Figure 2 U-Net network structure of generator with residual connection and attention gates.

Both discriminators of CycleGAN were conventional full convolutional neural networks (FCN), which received patch blocks in the CBCT and CT image domains as inputs, respectively. Each discriminator contained four convolution layers and three fully connected layers. Each convolutional layer included convolution, BN, and LReLU operations. Dimensions of convolution kernel were 4×4×4; step sizes were 2, 2, 2, and 1, respectively; and padding was SAME. LReLU served as the activation function in the first two fully connected layers, and the Sigmoid activation function was used in the third fully connected layer to acquire judgment results of the discriminator regarding the authenticity of the input image. The result value was a probability. Feature maps at all layers of the discriminator were 16, 32, 64, 128, 256, 128, and 1, respectively. The concrete network structure of the discriminator is shown in Figure 3.

FIGURE 3

Figure 3 Network structure diagram of discriminator based on FCN.

Loss Functions of 3D CycleGAN

The loss function of the CycleGAN network contains two parts: generator loss and discriminator loss functions. The main task of the discriminator is to distinguish real image data from pseudo image data synthesized via a generator. According to the GAN network structure of mirror symmetry, CycleGAN has discriminators in two image domains, where discriminator 1 is used to judge the authenticity of CBCT data. To calculate the loss function, discriminator 1 includes two inputs and two corresponding outputs. Discriminator 1 uses pseudo-CBCT image G₂(X_CT) generated by generator 2 as an input to obtain output D(G₂(X_CT)) and real CBCT image Y_CBCT as another input to obtain output D(Y_CBCT). Hence, the loss function of discriminator 1 is defined as follows:

$\begin{array}{ll}{L}_{D_1}=L_{BCE}(1,D(Y_{CBCT}))+L_{BCE}(0,D(G(X_{CT})))& (1)\end{array}$

where L_BCE is the binary cross-entropy loss function, which is defined in Formula 2. Z represents an input image data label, the value of which is taken as 1 or 0 based on data authenticity. Z^’ denotes the probability for the discriminator to predict the input image as a real or pseudo image, and its value range is [0,1].
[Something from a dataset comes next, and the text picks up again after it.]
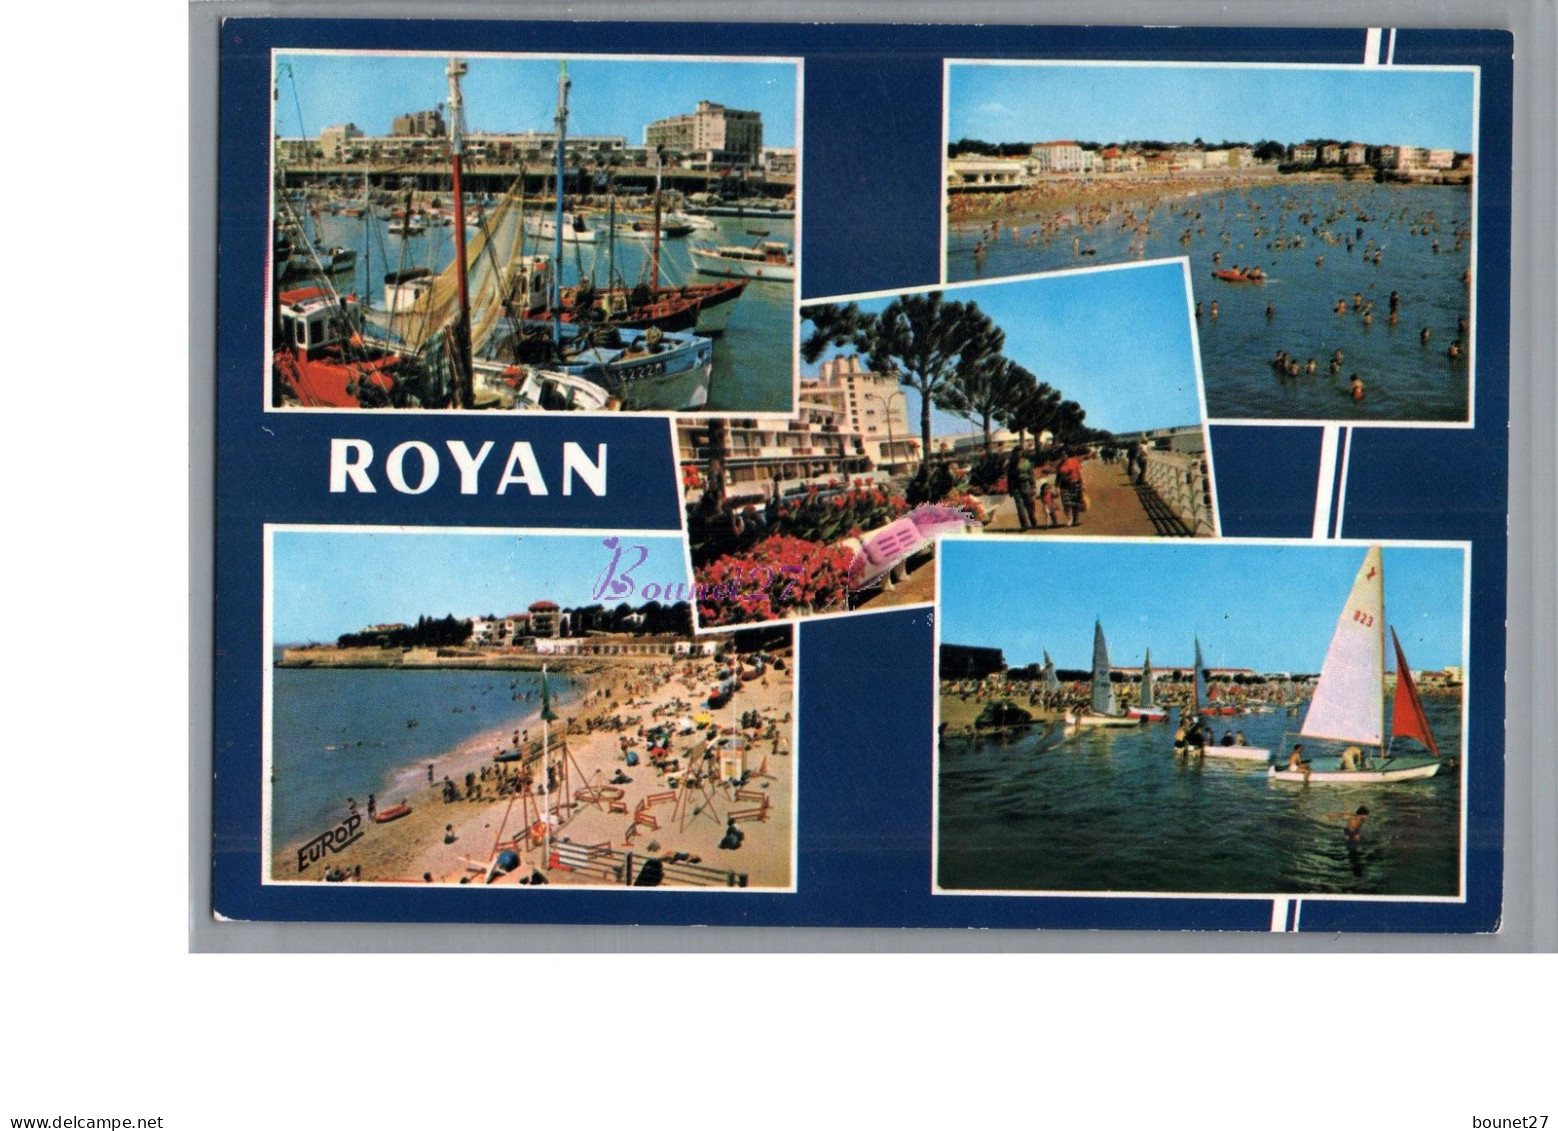 ROYAN 17 - La Plus Moderne Des Stations Balneaire Port Plage Voilier 1974 - Royan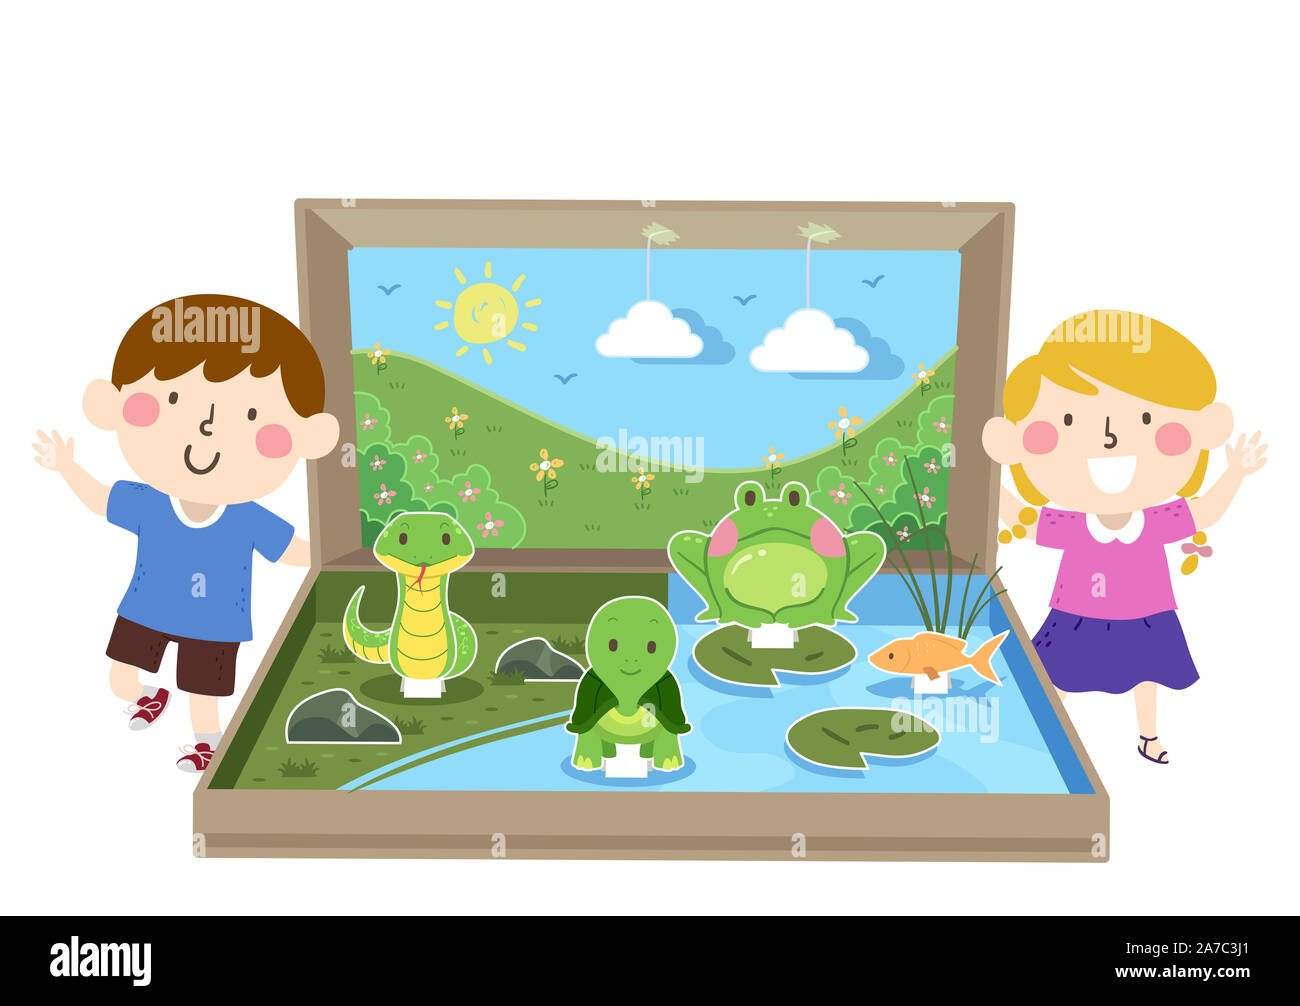 Illustrazione di bambini con un nuovo ecosistema acquatico diorama con una rana, tartarughe, pesci e Snake Foto Stock

$\begin{array}{ll}{L}_{BCE}(Z,Z^{\text{'}})=-{\displaystyle {\sum }_{i=1}^N{Z}_i\log (Z_i^{\text{'}}})+(1-Z_i)\log (1-Z_i^{\text{'}})& (2)\end{array}$

Discriminator 2 is used to judge the authenticity of CT data. It also includes two inputs and two outputs, and its loss function is defined as follows:

$\begin{array}{ll}{L}_{D_2}=L_{BCE}(1,D(Y_{CT}))+L_{BCE}(0,D(G(X_{CBCT})))& (3)\end{array}$

where Y_CT is a real CT image, and the corresponding output is D(Y_CT). G(X_CBCT) is a pseudo image generated by generator 1. The corresponding output is D(G(X_CBCT)), and the total loss function of this discriminator is shown in Formula 4.

$\begin{array}{ll}{L}_D=L_{D}1+L_{D_2}& (4)\end{array}$

The main task of the generator is to acquire pseudo image data which is as approximate as possible to real input image data in the aspects of gray level and anatomical structure, to perplex the generator. The loss function of the generator includes adversarial, cycle consistency, and gradient losses. For generator 1, its adversarial loss is the binary cross-entropy L_BCE (1, D (G₁(X_CBCT))) of the probability for discriminator 2 to discriminate pseudo-CT image G₁(X_CBCT) generated by generator 1 as a real image. The probability is 1. Similarly, the loss function of generator 2 is binary cross-entropy L_BCE (1, D(G₂(X_CT))) of probability D(G₂(X_CT)) and 1.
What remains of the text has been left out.